Bach im Rothwald im Wildnisgebiet Dürrenstein
Christoph Leditznig
Christoph Leditznig
Umwelt

Steiermark bekommt mehr Wildnis

Das Wildnisgebiet Dürrenstein im Süden Niederösterreichs gilt als einer der letzten Lebensräume in Europa, die sich seit der jüngsten Eiszeit ohne Einfluss des Menschen entwickeln konnten. Jetzt wird dieses Gebiet auf die Steiermark ausgeweitet.

Das Wildnisgebiet Dürrenstein ist ein einzigartiges Naturjuwel: Mit seinen Tier-, Pflanzen- und Pilzarten stellt das Gebiet einen wichtigen Baustein im Ökosystem dar. Die Waldgebiete dürfen kommerziell nicht mehr genützt werden, sogar Betreten ist verboten, Ausnahmen stellen geführte Touren dar – das Unberührte soll eben auch unberührt bleiben.

Südwestflanke des Dürrenstein im Herbst
Werner Gamerith

35 Quadratkilometer Urwald-Naturerbe

Das Wildnisgebiet rund um den letzten Urwald Mitteleuropas, den Rothwald, ist seit 2017 auch Weltnaturerbe – das einzige in Österreich.

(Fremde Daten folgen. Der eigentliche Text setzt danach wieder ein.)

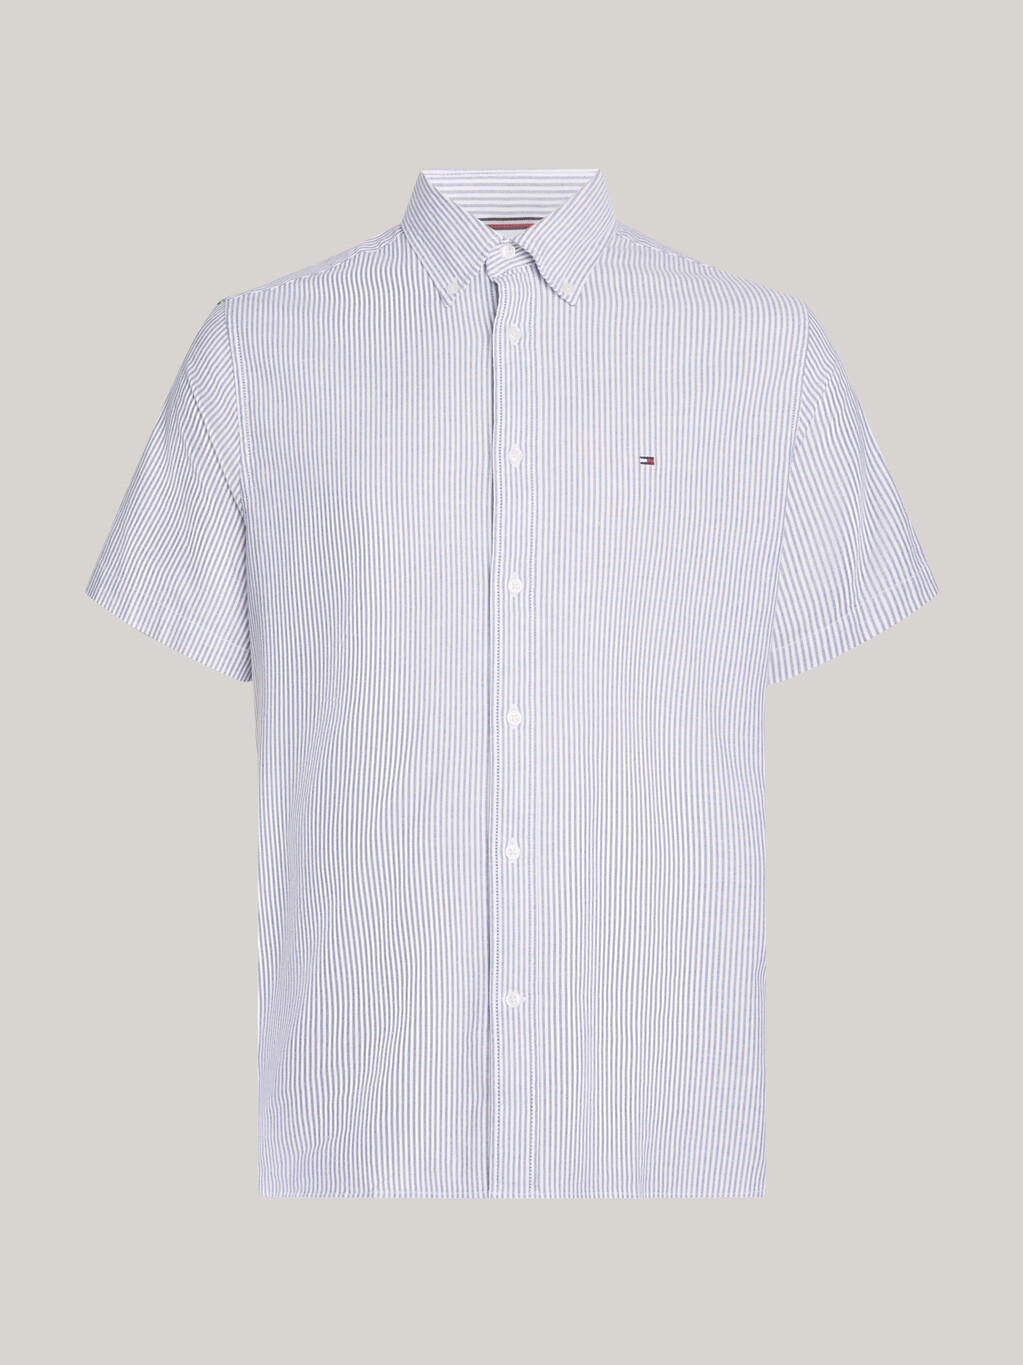 旗幟條紋短袖襯衫, Carbon Navy / Optic White, hi-res

In Verhandlungen mit den Österreichischen Bundesforsten gelang es nun, dieses Gebiet in die Steiermark – genauer gesagt ins Lassingtal – zu erweitern.

Es geht um rund 35 Quadratkilometer, die jetzt offiziell an das Wildnisgebiet angebunden werden, sagte Naturschutzlandesrätin Ursula Lackner (SPÖ): „Im Wissen um den Klimawandel ist es eine bedeutende Aufgabe, das Gebiet um den steirischen Anteil zu erweitern. Es ist ein unglaublicher Lebensraum, der einer Vielfalt von Pflanzen und Tieren zur Verfügung steht. Er ist unberührt, und er wird den Menschen auch zugänglich gemacht“, so Lackner.

Urwald Rothwald im Wildnisgebiet Dürrenstein
Theo Kust

Auch Tourismus geplant

Das Projekt sei wichtig im Kampf gegen den Klimawandel und gleichzeitig auch wichtig für die gesamte Gesäuse-Region: Geführte Touren durch das neue Gebiet sollen den Tourismus in der Region ankurbeln und auch Bewusstsein für die Natur schaffen.

Agrarlandesrat Hans Seitinger (ÖVP) sagte, „das Wildnisgebiet Lassingtal ist ein touristisches Angebot zum Thema ,Zurück zum Ursprung’. Naturtourismus wurde zuletzt ja zu einer Cash-Cow, es braucht aber zunehmend verantwortungsvolle Lenkungsqualität und Besuchermanagement.“ Klimaschutzministerin Leonore Gewessler (Grüne) sprach von einem „Jahrhundertprojekt, wichtig für Natur und Mensch, wir haben das Glück, noch ein paar unberührte Flecken zu haben, die müssen wir schützen“.

Bis zum Sommer soll das Projekt endgültig umgesetzt werden. Die Naturschutzorganisation WWF begrüßt die Erweiterung in die Steiermark und spricht vor dem Hintergrund der Klimakrise von einem Meilenstein. In Lunz am See soll ab Mai das „Haus der Wildnis“ als Ausstellungs- und Besucherzentrum fungieren.

Freude bei Umweltdachverband und in NÖ

„Wir freuen uns, dass die Steiermark das nahezu unberührte Lassingtal zum Wildnisgebiet erklären wird. Gut Ding braucht Weile, denn verhandelt wird seit Jahren. Dass für dieses faszinierende Waldökosystem, das einen der letzten Urwälder in Mitteleuropa beherbergt, nun endlich der Durchbruch gelungen ist, ist sehr zu begrüßen“, sagte Franz Maier, Präsident des Umweltdachverbands, in Reaktion auf die Bekanntmachung am Donnerstag.

„Das Wildnisgebiet ist ein Natur-Juwel von internationalem Rang“, sagte auch der niederösterreichische Landeshauptfrau-Stellvertreter Stephan Pernkopf (ÖVP): „Mit der Erweiterung wird dieses einzigartige Herzstück und die umliegenden Wälder noch umfassender geschützt und für alle Zeiten erhalten. Ein Meilenstein für den österreichischen und europäischen Naturschutz,“ so Pernkopf.